Infrastructure planning in the UK – old and new stories November 2010

An old story In the 1970s major shifts were made in the UK energy economy: –Gas from North Sea, including creation of completely new distribution system. –Many nuclear power stations built. –Coal remaining as core fuel source. All state managed, with strong (spatial) planning involvement.

2010s and 2020s An even bigger energy system change now widely seen to be needed now, and similarly with transport, mainly to lower carbon. State levers are now mainly regulatory, and via (spatial) planning – though still own roads and, largely, rail tracks. How can it be done?

Difficult politics Overall a funnelling effect, so that there is less room for manoeuvre in choosing sites or routes – protection systems, heritage, consciousness of place, property rights etc. Politicians therefore under very strong pressures – planning in tight corners.

Difficult geographies For transport, the key remains the “axial belt” or “central constellation” cities link to south east – how to fit in more capacity for rail and freight. But also other pressure routes, and energy especially moving power from electricity generation off coasts. Devolved administrations (and the seas) have more of the sort of “easier” space most European states have.

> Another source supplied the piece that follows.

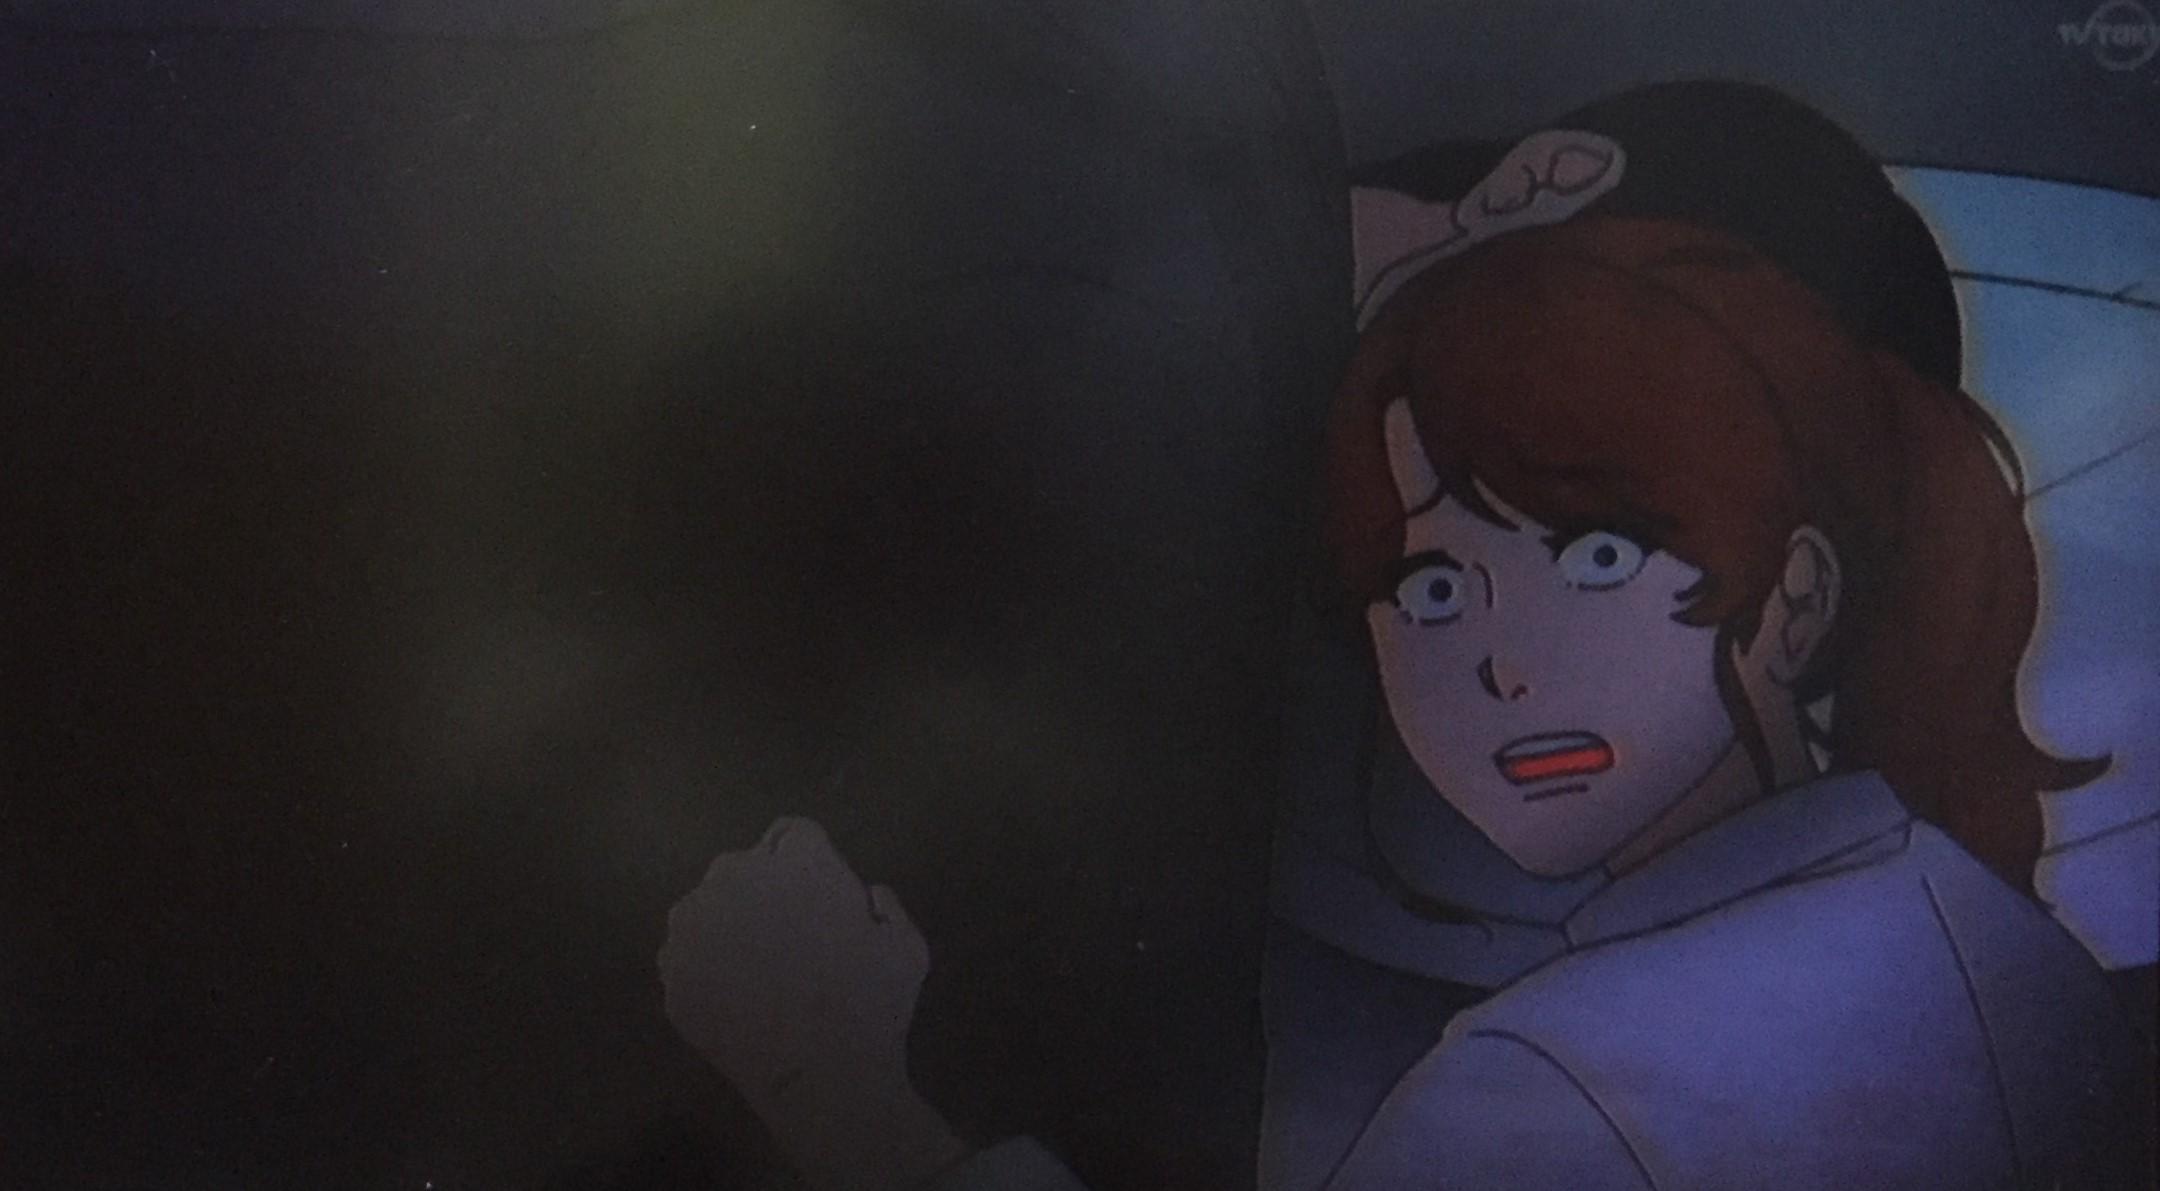 『忍者コレクション』前回の第10話のあらすじと振り返り
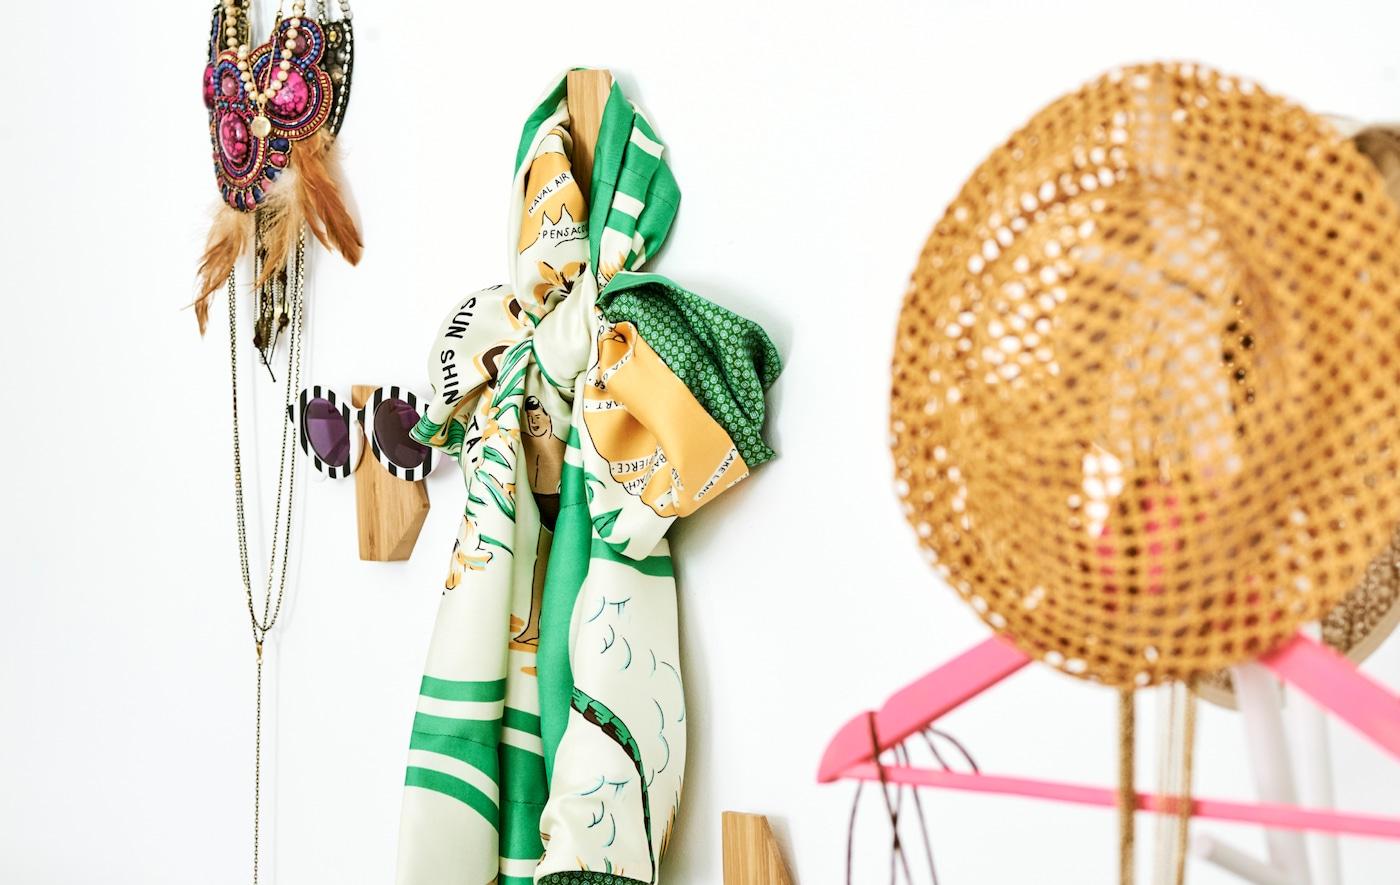 Des crochets en bambou disposés de façon asymétrique au mur, avec un accessoire différent sur chaque, comme des lunettes de soleil, une écharpe, des colliers et un chapeau de paille.

Necessary ingredients of solutions1 National agreement, worked up by consistently led national debate on new geography, related to economic bases of the country: unless people can see the sense, these schemes will not be accepted. Requires consistent low carbon drive from government. A national development strategy – for a private economy: rethinking of state role.

Necessary ingredients of solutions2 Long term alliances with the core infrastructure corporations who will build and run most of this: established by effective regulatory machine building trust over generations and new powers to ensure corporations not taken over all the time. New state arrangements across all infrastructure industries – beyond the privatisation and/or competition model, which cannot possibly bring these changes. So the key is in changing the whole model, not in spatial planning.

Conclusions 1 Clearly an ideological problem, not a technical or geographical one. But EU and current ideologies do not allow the above solutions. Simply needs to be argued for – signs that many do understand that most of infrastructure industries are not working well.

Conclusions 2 The larger part would still be changing the whole system more radically, to stop economic growth and move to managed consumption model. But this is even more implausible within a capitalist system. Nevertheless all the obvious measures of societal efficiency (energy, transport, waste, water) should be the other main drive, of greater importance than above discussion of infrastructure.